Modena, 12 March. (askanews) – Lot’s wife transformed into salt, Jonah into the whale, the Creation of the world: Photographs taken with a Polaroid long before Polaroid existed. This is the paradox that inhabits “Seeing is Believing”, Mishka Henner’s first Italian solo exhibition at the Ago Foundation in Modena. An artist who uses artificial intelligence to question everything we think we know about the photographic image.
“2026 – explains the curator Chiara Dall’Olio – marks two hundred years since the invention of photography and Modena, a city of photography and recognized by UNESCO for media arts, wanted to pay homage to this art. We therefore combined the two things, asking an artist who works with new image creation tools – from artificial intelligence onwards – to answer a question: what is photography today?”.
Four sections: from the word – with 1,400 definitions of “what is photography” collected on the Italian web – to the biblical episodes rendered in Polaroid, up to the portraits of Saint Francis, Saint Peter, Saint Brigida: icons generated by AI which are more realistic than the medieval paintings from which they are born. Credible. But not real.
“I am fascinated by the idea that with artificial intelligence photography has finally freed itself from the camera – says Mishka Henner -: in theory it is now possible to go back in time and photograph events that happened long before cameras existed”.

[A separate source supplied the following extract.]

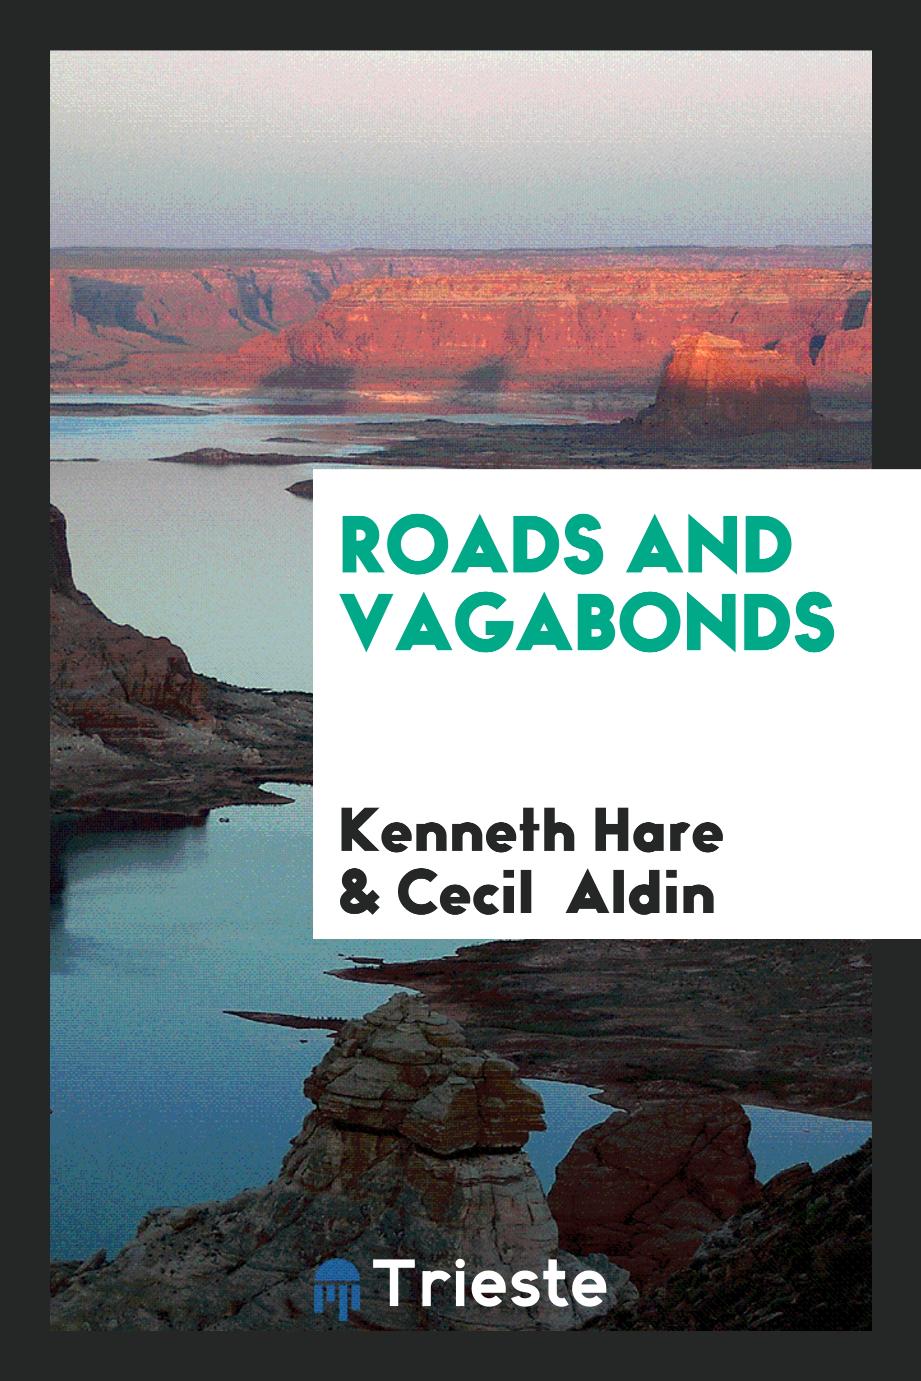 Roads and vagabonds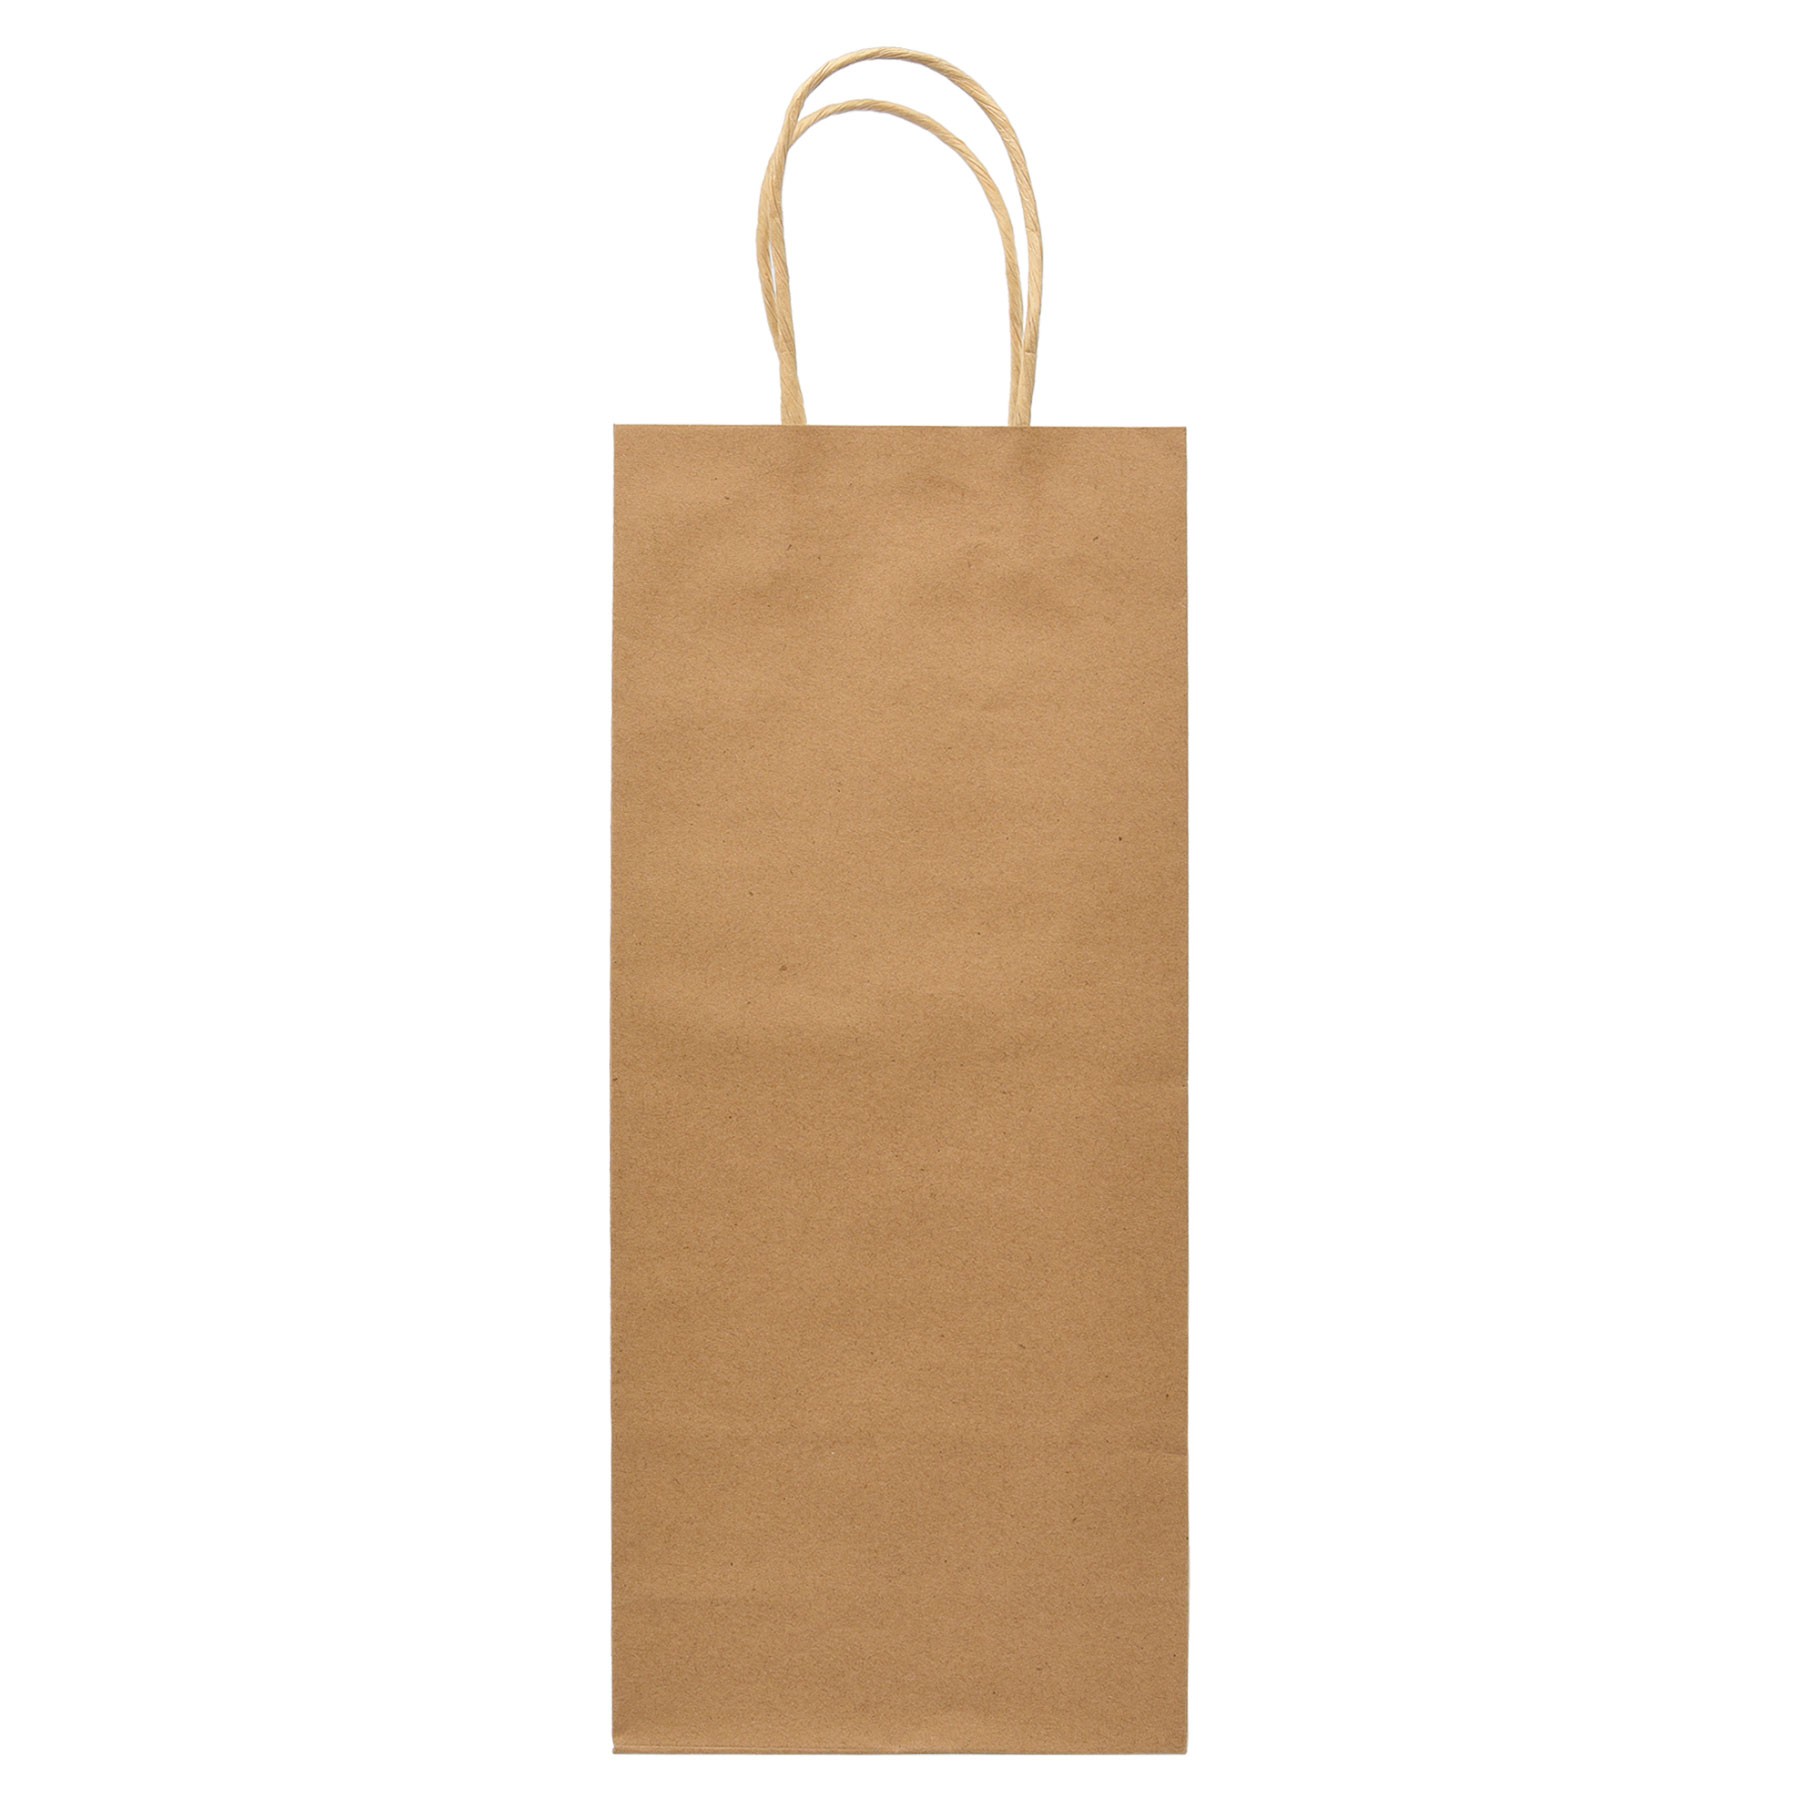 Kraft Paper Bag for Wine Bottles - 5.5"w x 13"h - 100/carton

The journey ends with a single work: a screen that slowly scrolls through all the sixteen million colors that digital light can generate. Like a stained glass window. But contemporary. “The way we use screens and devices today – explains the artist – we carry them with us almost like reliquaries. They are sacred objects.”
“We – concludes Dall’Olio – ask the visitor to act as a clean slate and first of all ask themselves, almost before entering, what photography means to me today”.